Do you find you know deeper, but less, as you grow older?
GERARD: yes the ghosts of paradise will always be there with you & me. had to go to chico for fine food??? what happened to the SWANK wildwood inn ? that WAS THE PLACE TO EAT when one was putting on the ritz. or the pagoda, the wagonwheel , i remember the JK,across from the roller rink, just down from the drive in theater. i suppose that’s all ancient history now. i wonder if they still held the gold nugget days celebration of our youth,hell who needed tv with all that wild west going on?? e clampus vitas, paleface badges,54 lb. gold nugget racing up out of whiskey flats to dogtown with donkeys,gunfights in the streets yeah blanks but real guns. what a town to grow up in. BEST TO YOU &YOURS DAN
When you make your next (and possibly last) visit to Paradise, he may return and help you in what must finally be done.
If you need (or want) any help with above, please let us know. We will be there.
My heart has rooms that sigh with dust
And ashes in the hearth.
They must be cleaned and blown away
By daylight’s breath.
But I cannot essay the task,
For even dust to me is dear;
For dust and ashes still recall,
My love was here.
I know not how to say Farewell,
When Farewell is the word
That stays alone for me to say
Or will be heard.
But I cannot speak out that word
Or ever let my loved one go:
How can I bear it that these rooms
Are empty so?
I sit among the dust and hope
That dust will cover me.
I stir the ashes in the hearth,
Though cold they be.
I cannot bear to close the door,
To seal my loneliness away
While dust and ashes yet remain
Of my love’s day.
~Stephen R Donaldson
.
Hi
I notice in the photo above of the welcome sign to Paradise that a vacant space exists to the right of the Rotary Club plaque. In other photos that space is occupied by a Masonic emblem. Is/was there a Masonic lodge in the town? I do know that the Grand Lodge of California is soliciting members for relief in Paradise.
There was a Masonic Lodge on Clark Road across from the Safeway center. The center’s gone and I’m pretty sure the Lodge is gone too. I don’t think it was an active lodge but it was rented out for various functions.
Not an easy sight……
The close of one chapter and the opening of another.
Gerard,
I never saw my Dad in my old home town. But there are times when I miss him, and the place that I loved most in all the world, so much that I find the weight of the sadness makes it hard to breathe. The best remedy I have found for that is talking to someone who lived through those memories with you. I don’t know if I’ve ever been more glad in my life than when I did that, and it happened in my 60’s.
If you can find some of your really close boyhood friends and reconnect, it might do you a world of good. For me, it was a desperately needed application of the Balm of Gilead to a place in my soul that had hurt for many years. I had grown so accustomed to the ache that I had forgotten what it was like not to hurt, so when it started healing I was both overjoyed and intensely grateful to God for a second chance to get it right.

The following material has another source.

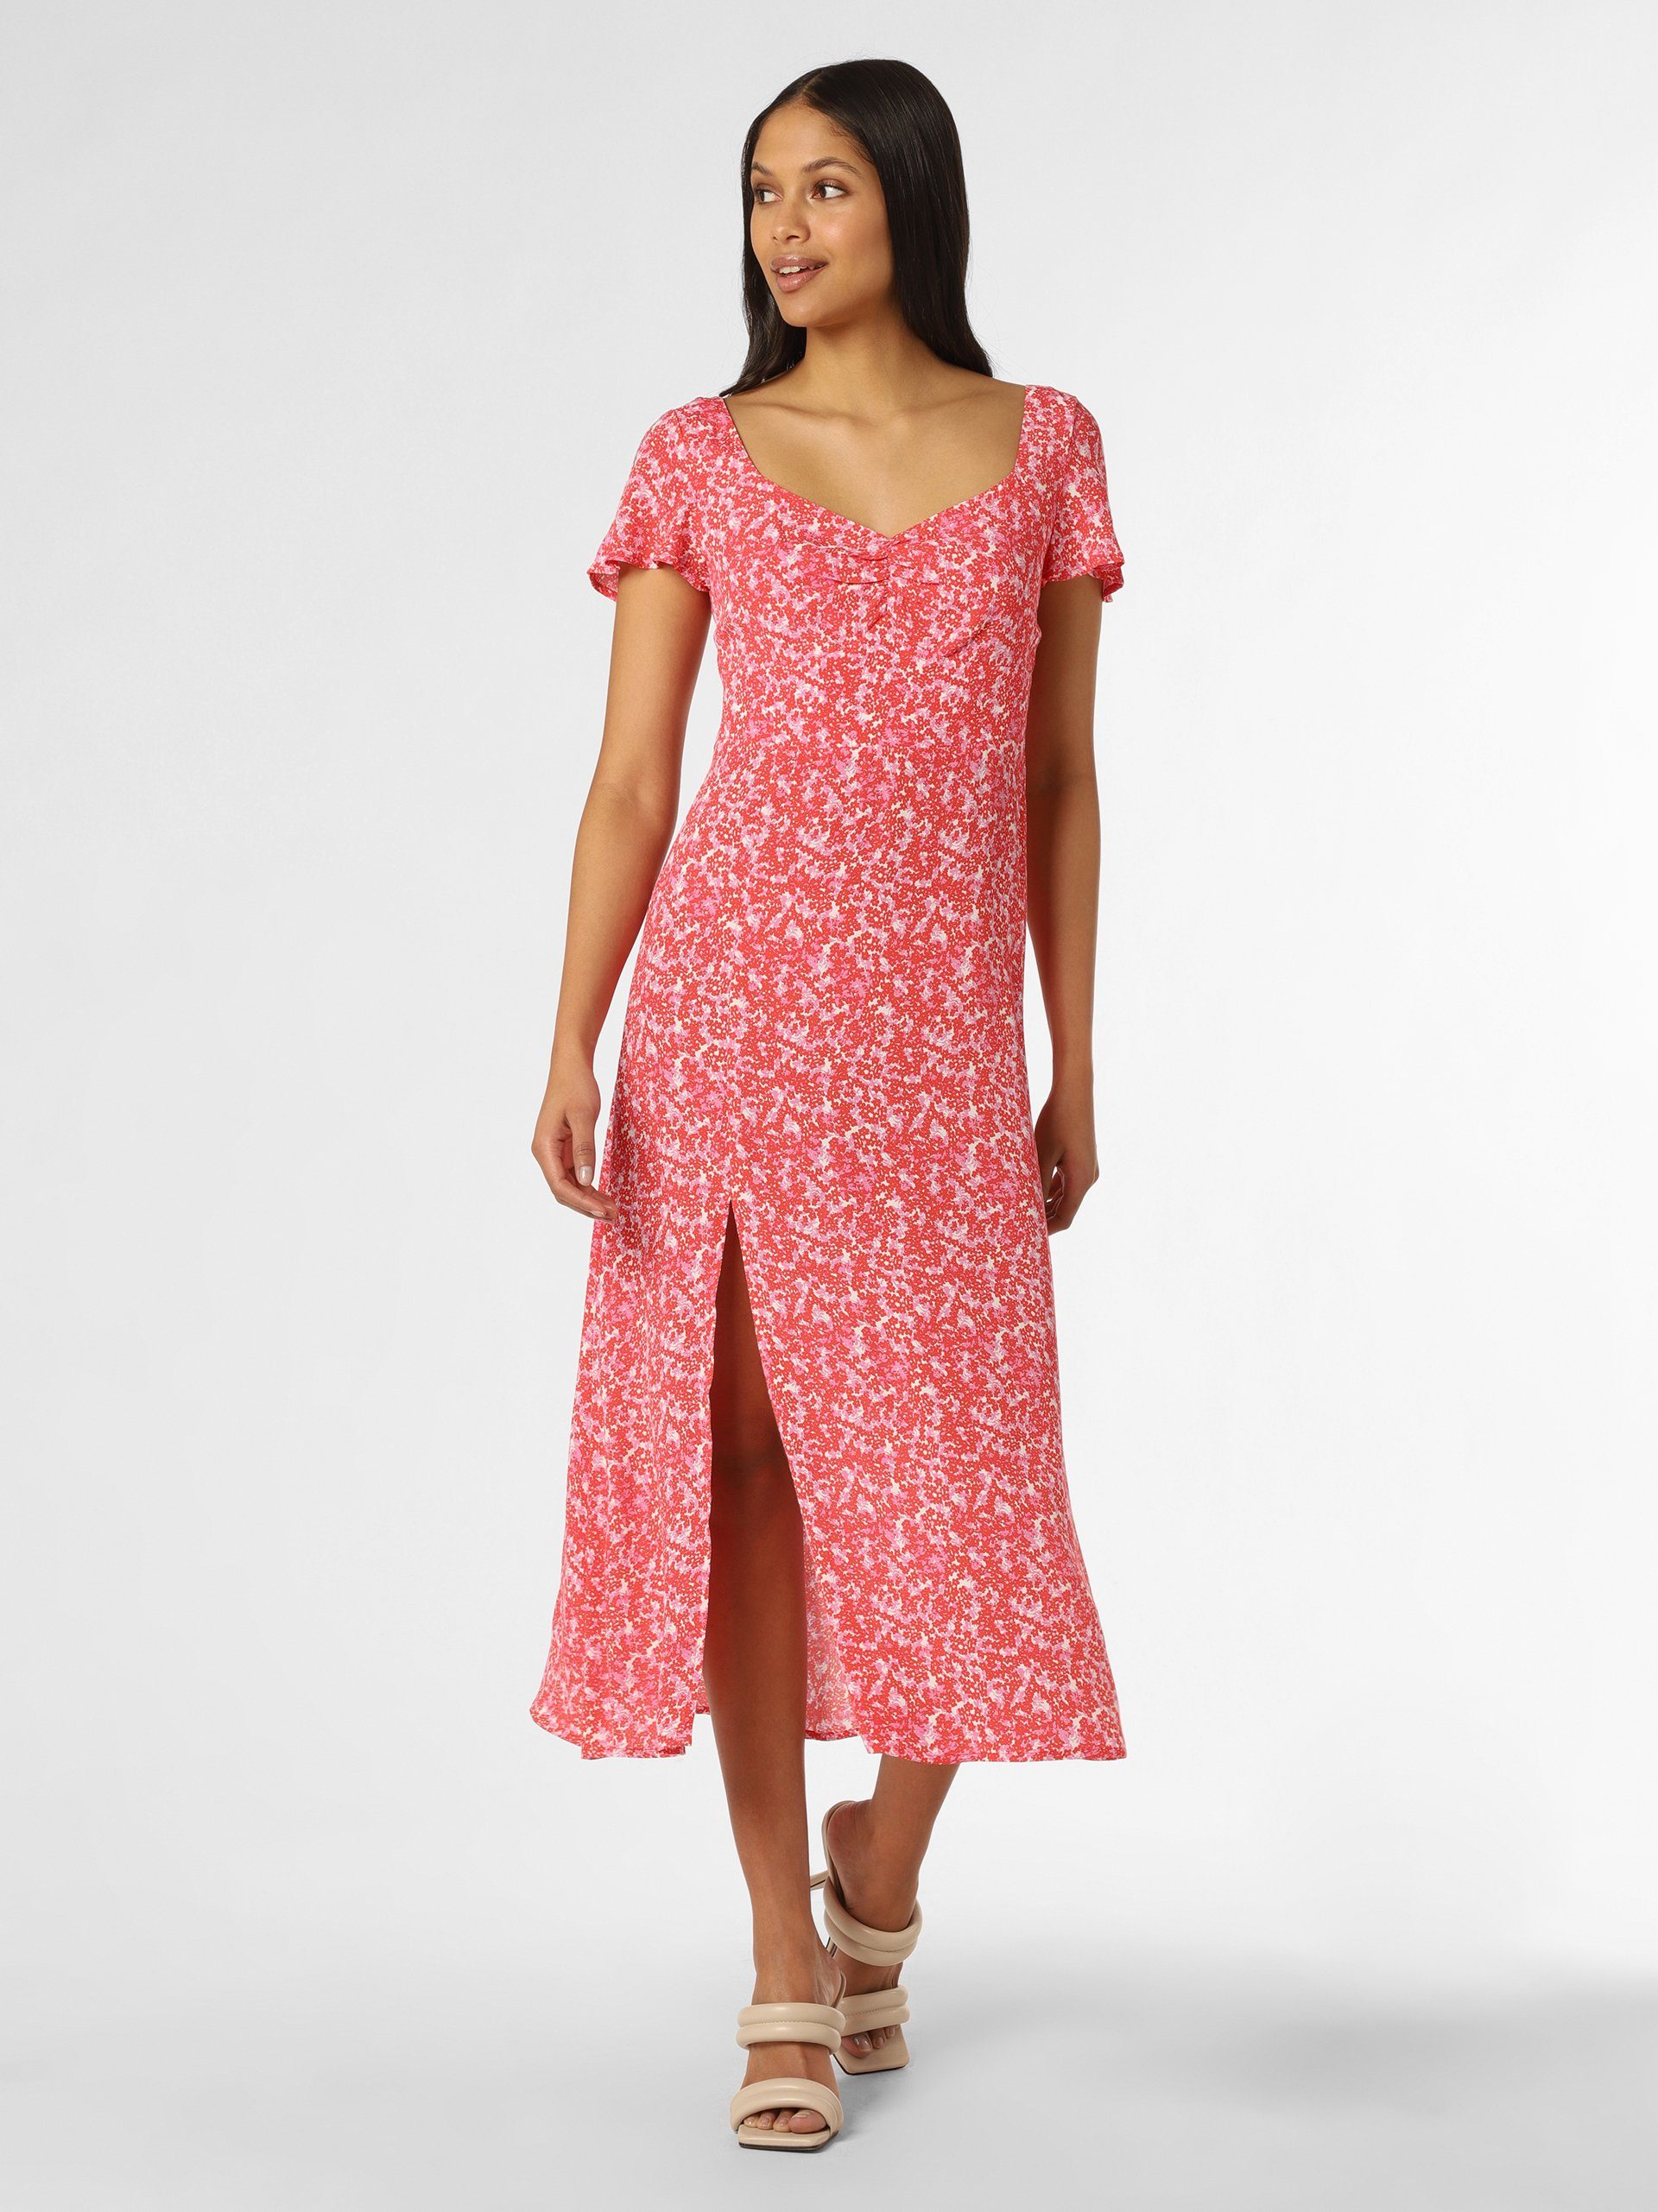 Marie Lund A-Linien-Kleid pink

May God be with you in this time of drudgery and reconstruction. It will get better; you just have to endure long enough to have the recovery mix sufficiently with the “new normal” to make life feel like living again. Listen to the soundtrack of “Les Miserables.” That will help.
My father appeared once in my painting; it was his death mask or death face. I went with it, so now I have this realistic pastel of my dad just passed. I went to post it on blogger or FB, and thought I’d add a picture of his headstone. Imagine how I felt when it turned out the day of his death was the day he appeared on the painting.